DATE: Wednesday, August 21, 1996             TAG: 9608210075
SECTION: BUSINESS                 PAGE: B-8  EDITION: METRO 
DATELINE: RICHMOND, VA.
SOURCE: Associated Press


LLOYD'S: BACKERS CAN SUE IF THEY CAN PROVE THE INSURER WAS FRAUDULENT IN BAILOUT PLAN

In a victory for investors in Lloyd's of London, the insurance market agreed Tuesday that investors can sue for fraud if they find Lloyd's lied to them in its $4.7 billion settlement proposal.

Bonnie Steingart, a Lloyd's attorney, told U.S. District Judge Robert Payne that Lloyd's was prepared to make a legal stipulation giving investors the right to sue if Lloyd's settlement documents prove to be fraudulent.

Payne ordered Lloyd's attorneys to submit the agreement in writing. One attorney for investors, while saying he wanted to see the final details, said he was pleased with the agreement.

The development is significant because there's been considerable confusion over what legal rights, if any, investors would have if they accepted controversial restructuring. About 34,000 Lloyd's investors worldwide, known as ``names,'' have until Aug. 28 to vote on the plan.

The development came as Lloyd's made closing arguments in the second day of a hearing on a lawsuit challenging the settlement. The hearing concluded about 9 p.m., with Payne telling attorneys he would rule by Thursday.

Lloyd's restructuring plan is crucial to the survival of the 308-year-old insurance company, which plays a major role in providing insurance for U.S. businesses.

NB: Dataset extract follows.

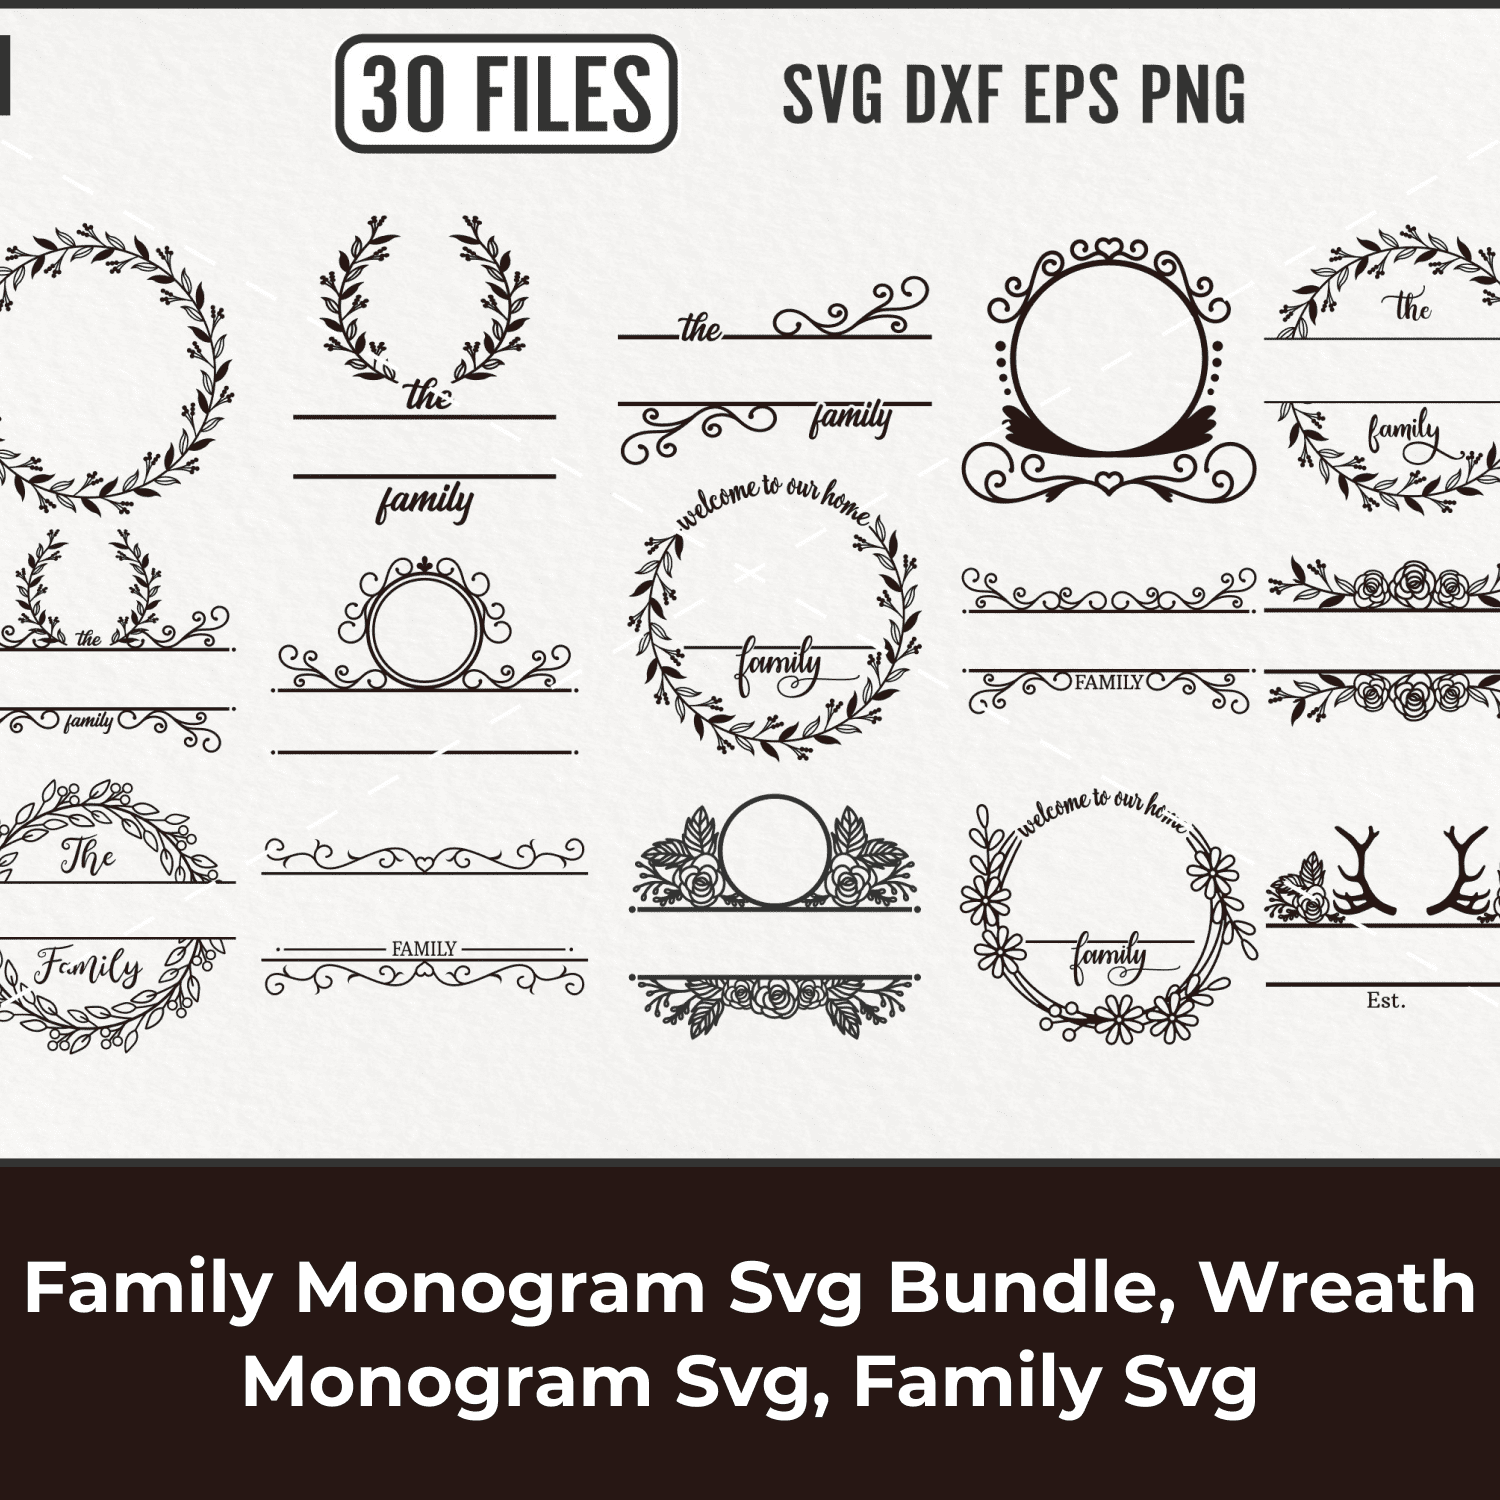 Family Monogram SVG Bundle, Wreath Monogram SVG, Family SVG cover.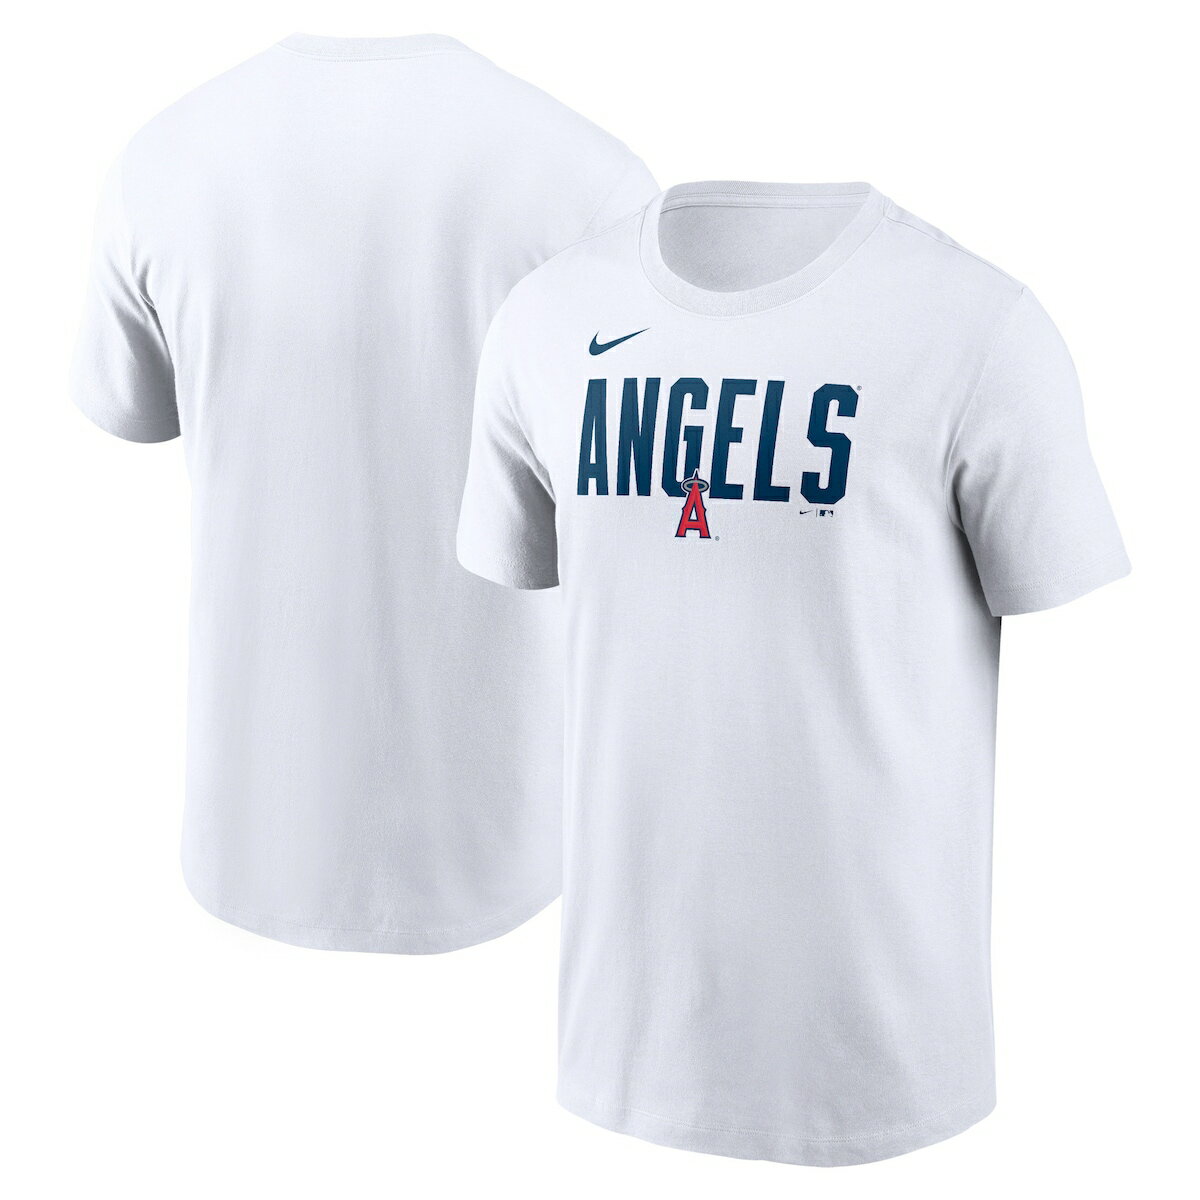 MLB エンゼルス Tシャツ Nike ナイキ メンズ ホワイト (Men's Nike Home Team Bracket Cotton Tee SP24)

Investors fear they may be shut out of court if they signed up for the settlement, which is aimed at handling insurance policies that threaten to ruin the company. Anyone who invests in Lloyd's pledges his entire net worth to make good on the insurance polices underwritten by Lloyd's.

Gigantic loses from pollution and asbestos lawsuits, as well as natural disasters between 1988 and 1992, left thousands of investors in desperate shape.

The restructuring plan proposes to put the money-losing policies into a new insurance company, thereby allowing investors to exit Lloyd's. But the investors have to pay a premium to get into the new insurance venture and agree not to sue Lloyd's or its agents for policies covered in the settlement.

The settlement documents contain broad disclaimers in which Lloyd's denies responsibility for ``any loss occasioned by any person'' who relies on financial information or statements within the thick, densely worded plan.

Under questioning by Payne, Lloyd's chief executive officer Ronald Sandler admitted Monday that investors could sue if information in their personal settlement proposal was found to be false.

``My understanding is that names still retain rights in the event of fraudulent misrepresentation,'' Sandler told the judge.

Later, Payne observed with sarcasm: ``You recognize that the document may not suggest that quite as clearly as you just did. But you were unequivocal

Since Monday, Payne has been holding a hearing on a lawsuit filed by Lloyd's dissident American investors seeking to delay Lloyd's restructuring plan until more financial information is disclosed.

Earlier in the day, Payne asked if Sandler and a senior British diplomat lobbied the Securities and Exchange Commission last week concerning Lloyd's rescue plan.

Payne also criticized the SEC for failing to appear during the hearing or take an position on whether Lloyd's dealings violate securities laws.

Payne said the SEC, by trying to remain on the sidelines, was engaging in unlawful activity.

The SEC, responding late Friday, informed the court it wouldn't take sides in the lawsuit, but supported the right of American investors to sue in U.S. courts.

Sandler told Payne that he didn't discuss what the SEC should say in response to the judge's order. Sandler said he didn't encourage the agency's neutrality in the case either.